Androgen is associated with PUFAs and also plays an important part in endometrial receptivity. Researchers observed that in overweight and obese men, intervention with DHArich fish oil was associated with an increase in testosterone concentrations [87]. Studies have shown that supplementation with n-3 PUFAs has no significant effect on androgen levels in women with polycystic ovarian syndrome(PCOS). However, some pre-term and long-term intervention studies have shown reduced levels of dehydroepiandrosterone (DHEA). Future studies need to be combined with double-blind placebo-controlled clinical trials and long-term follow-up [88]. Polyunsaturated fatty acid diets had better effects on hormone secretion and reproductive parameters in male buffalo compared to saturated fatty acid diets. The addition of n-3 PUFA levels to the ration increased the concentration of testosterone in the plasma and the scrotal circumference of male buffaloes and contributed to a shorter age at puberty [89].

The biological role of DHEA, particularly in fertility, is also controversial. A high androgen level impairs endometrial receptivity in women who have experienced recurrent miscarriages [90]. It was found that testosterone reduced the expression of pinopode and l-selectin ligands in the uterus during receptivity in rats, which may result in the failure of blastocyst implantation under conditions of high levels of this hormone [91]. Testosterone injection results in the loss of intrauterine tight junction complexity and the downregulation of intrauterine claudin-4 and occludin expression during the receptive phase, thus influencing embryo attachment and subsequent implantation [92]. Primary ESC was decidualized in vitro with progesterone and cAMP for 1–8 days with or without the androgen receptor (AR) antagonist flutamide. The addition of flutamide significantly altered the expression of endometrial receptivity indicators. Endometrial androgen biosynthesis during desiccation may play an important role in endometrial tolerance [93]. Another study found that DHEA enhanced in vitro decidualization response to human endometrial stromal fibroblast (hESF) in women of childbearing age. DHEA supplementation during the receptive phase enhances the endometrial function by enhancing the expression of the endometrial receptive marker secreted phosphoprotein 1 (SPP1).
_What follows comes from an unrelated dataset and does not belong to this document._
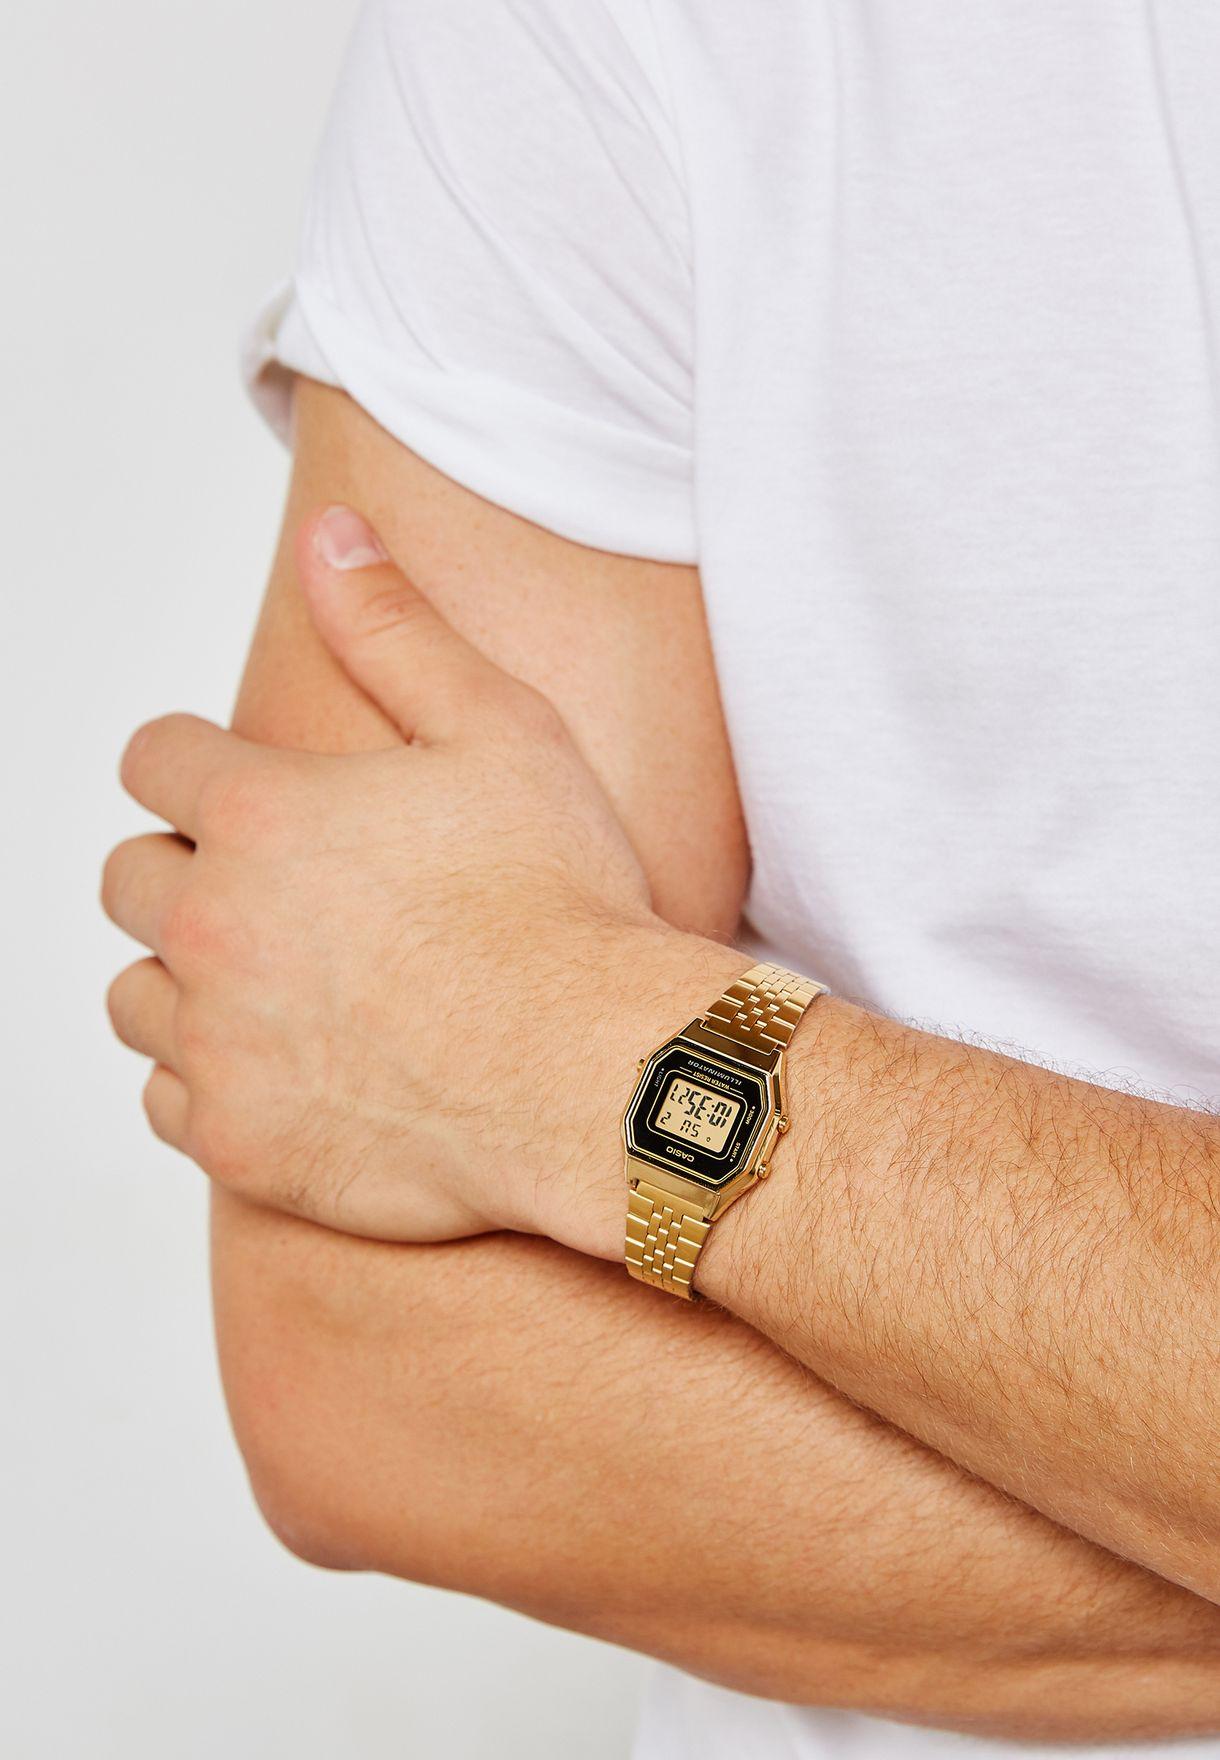 Vintage Digital Bracelet Watch

Meanwhile, flutamide (an androgen inhibitor) treatment can effectively improve decidualization, angiogenesis and uNK cell production due to hyperandrogenemia, further improving poor endometrial receptivity in PCOS patients [94]. Low concentrations of DHEA were found to increase the antioxidant capacity of metaphase ESCs in mice, and DHEA treatment also improved endometrial tolerance through AR [95]. In conclusion, testosterone is a novel negative regulator of endometrial receptivity.
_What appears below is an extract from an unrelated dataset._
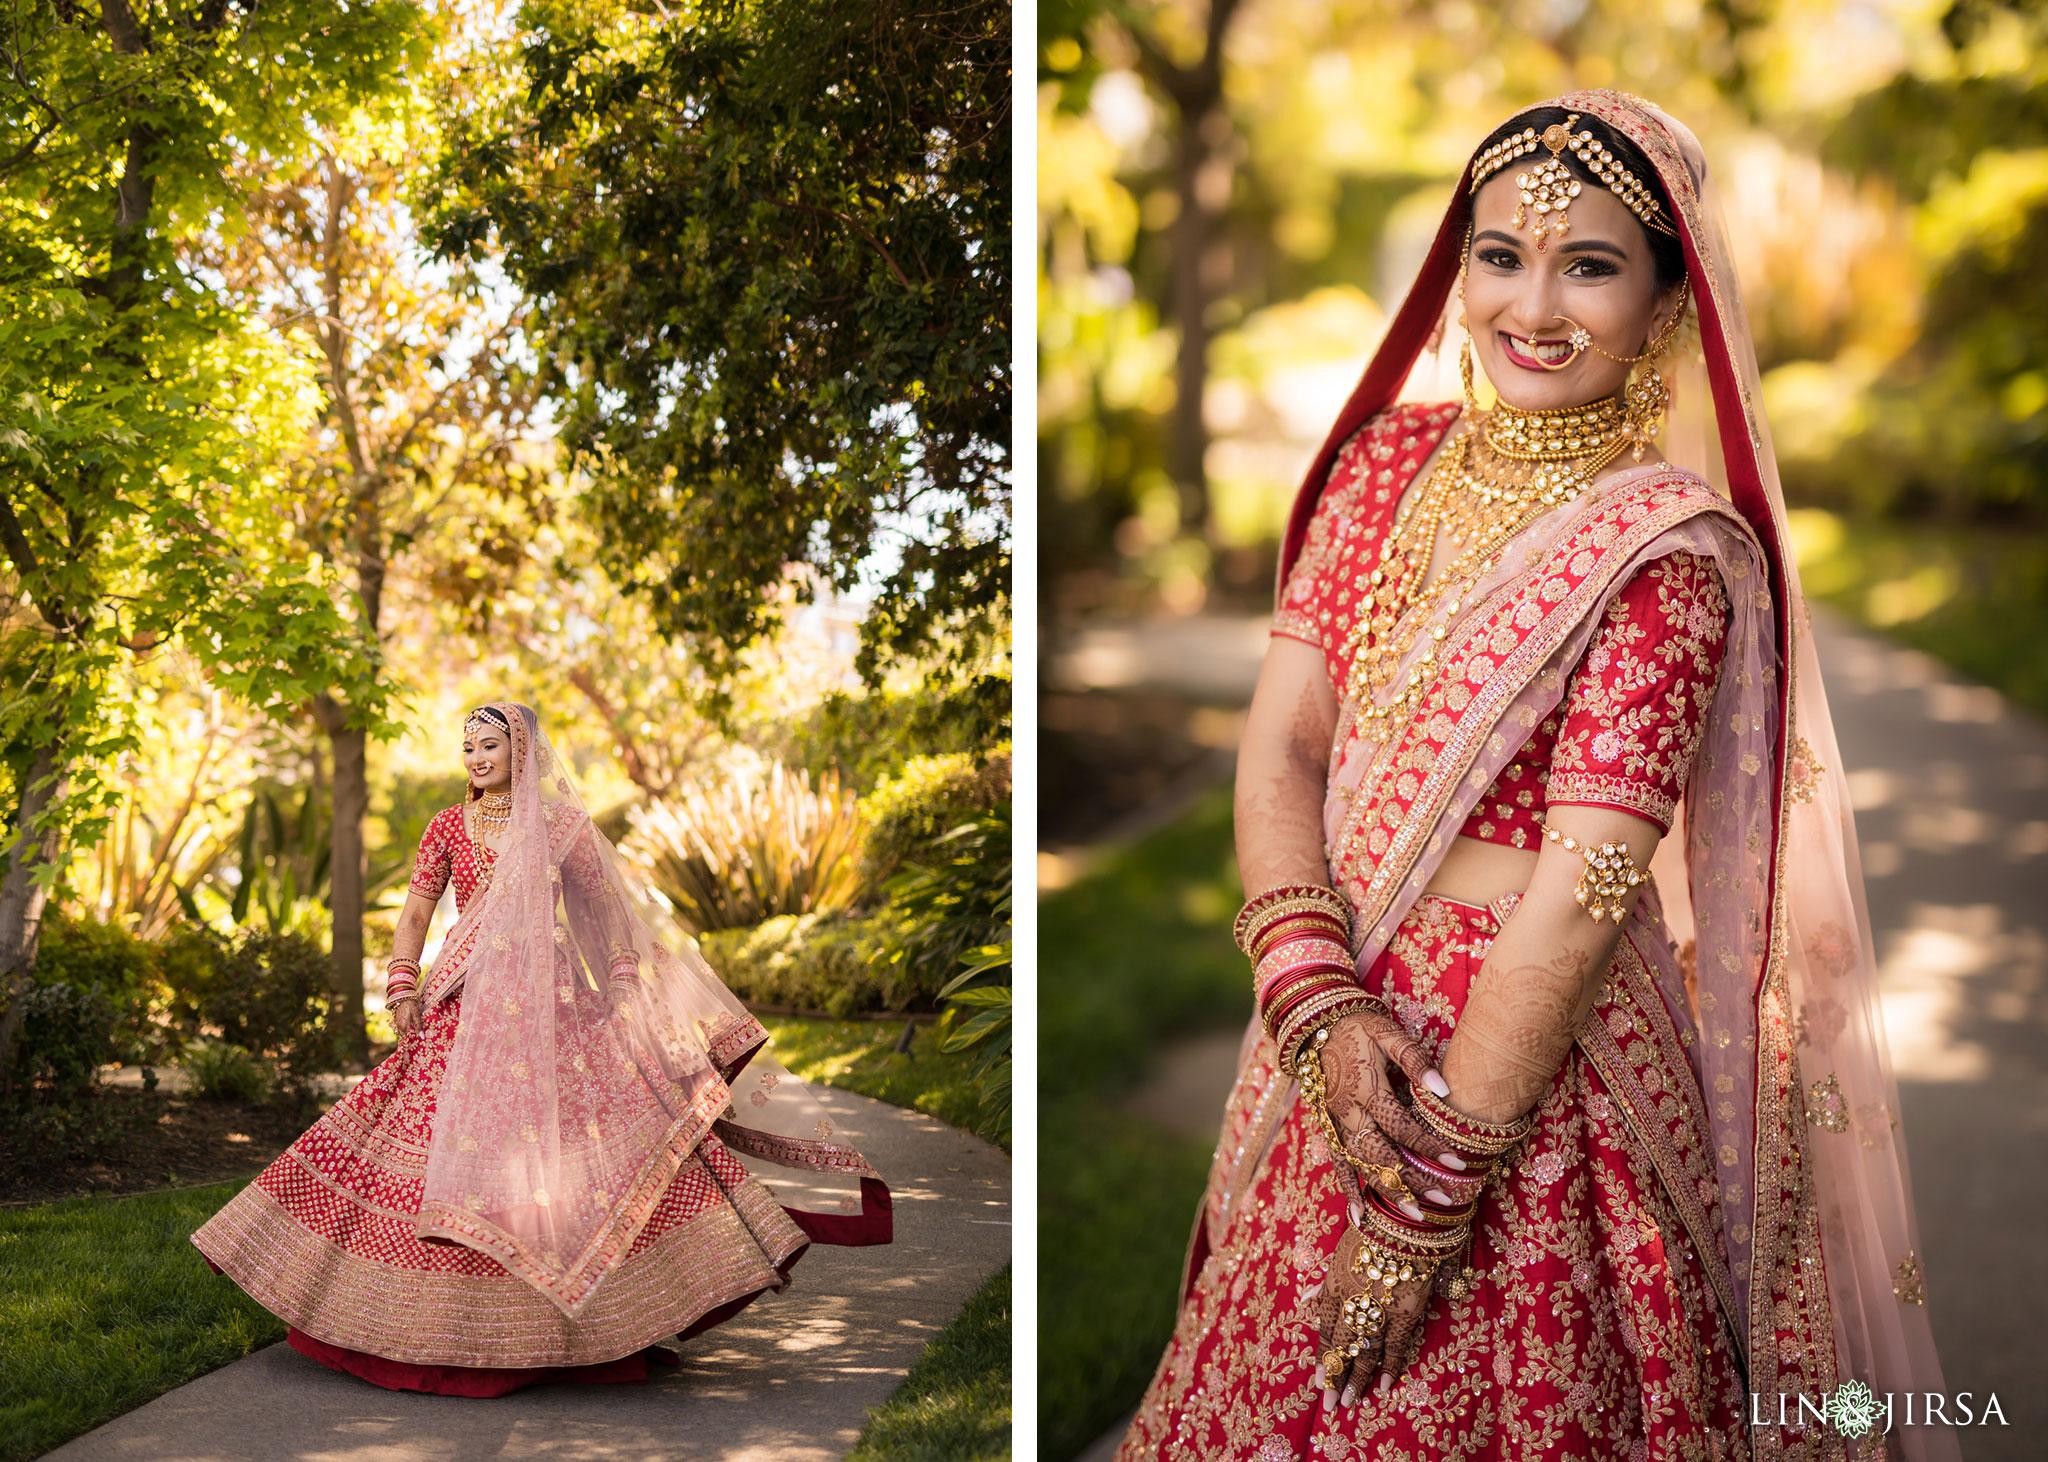 06 four seasons westlake village indian bride wedding photography

7. PUFAs and Decidualization

In human pregnancy, the embryo first attaches to the luminal epithelium, then invades the endometrial stroma and finally implants in the uterus. This process is influenced by steroid hormones, such as estrogen and progesterone, and the stromal cells that prepare the embryo for implantation undergo significant transformation events. Decidualization consists of morphogenetic, biochemical and vascular changes driven by ERs and PRs. Effective decidualization is a key factor in pregnancy success [96]. The endometrium has to be prepared optimally for a brief period of time before and immediately after the arrival of the blastocyst. PUFAs have been proven to be effective in pregnancy in many animal and clinical studies [97]. We herein summarize the different possible mechanisms through which PUFAs affect the decidualization process.
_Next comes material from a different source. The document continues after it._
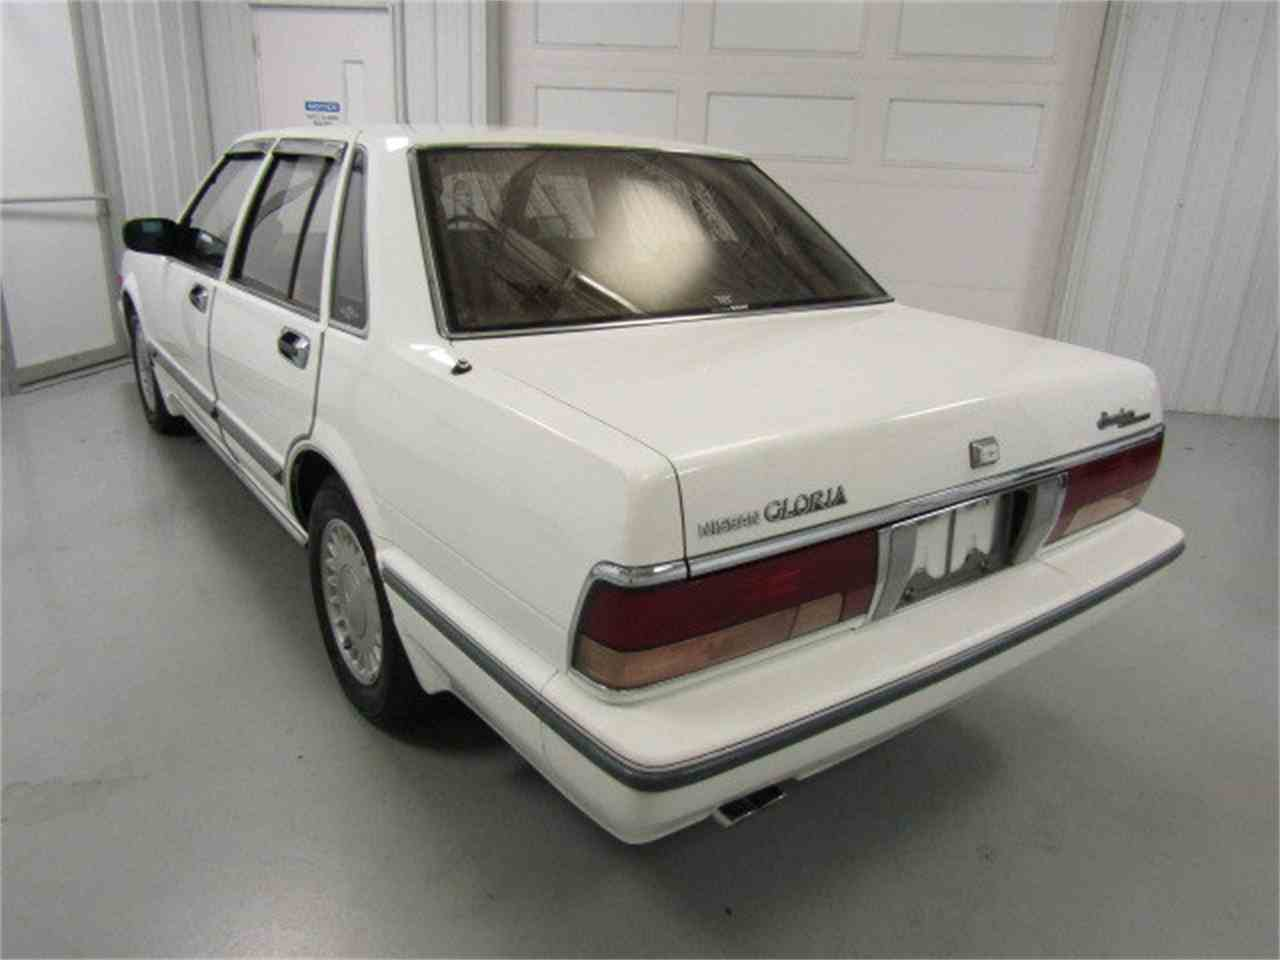 Large Picture of '91 Gloria located in Virginia - $6,999.00 - JZ2U

7.1. PUFAs Induce Autophagy in Decidualization by Lipid Peroxidation

As cell membranes and organelle membranes contain high levels of PUFAs, they are more susceptible to damage by reactive oxygen species (ROS). This is referred to as lipid peroxidation. Membrane phospholipids possess high levels of PUFAs and are extremely sensitive to ROS attacks [98]. Furthermore, PUFAs can be transformed into reactive free radicals upon their own reaction with free radicals, which can cause a chain reaction of lipid peroxidation. Lipid peroxidation products can adduct to autophagy with specific mitochondrial and autophagy-related proteins, driving cell dysfunction or even resulting in cell death [99]. Lipid peroxidation products trigger autophagic death via three different signaling pathways, such as the AMPK/mTORC pathway [100], the mTOR pathway [101] and the JNK-Bcl-2/Beclin 1 pathway [102] (see Figure 3).

Rapamycin, a major sensitive inhibitor of mTORC, increases LC3-II levels through its inhibitory effect on mTORC1 signaling and, thus, results in cellular autophagy [104]. In addition, n-3 PUFAs activate the G$alpha$q-p38/MAPK signaling pathway, resulting in autophagy in breast cancer cells [105] and macrophages [103]. As is discussed above, defective decidualization is considered to be a key factor resulting in compromised endometrial receptivity and implantation failure. Autophagy is an important step in the decidualization process [106]. Mestre Citrinovitz et al. [107] found that the decline in ATP levels during the decay of endometrial stromal cells (ESCs) was accompanied by an increase in autophagy flux. In addition, they knocked out ATG7 and ATG5, establishing an autophagy-deficient cell model, and found that the decidualization process was impaired, confirming the role of autophagy in the normal decidualization process [108].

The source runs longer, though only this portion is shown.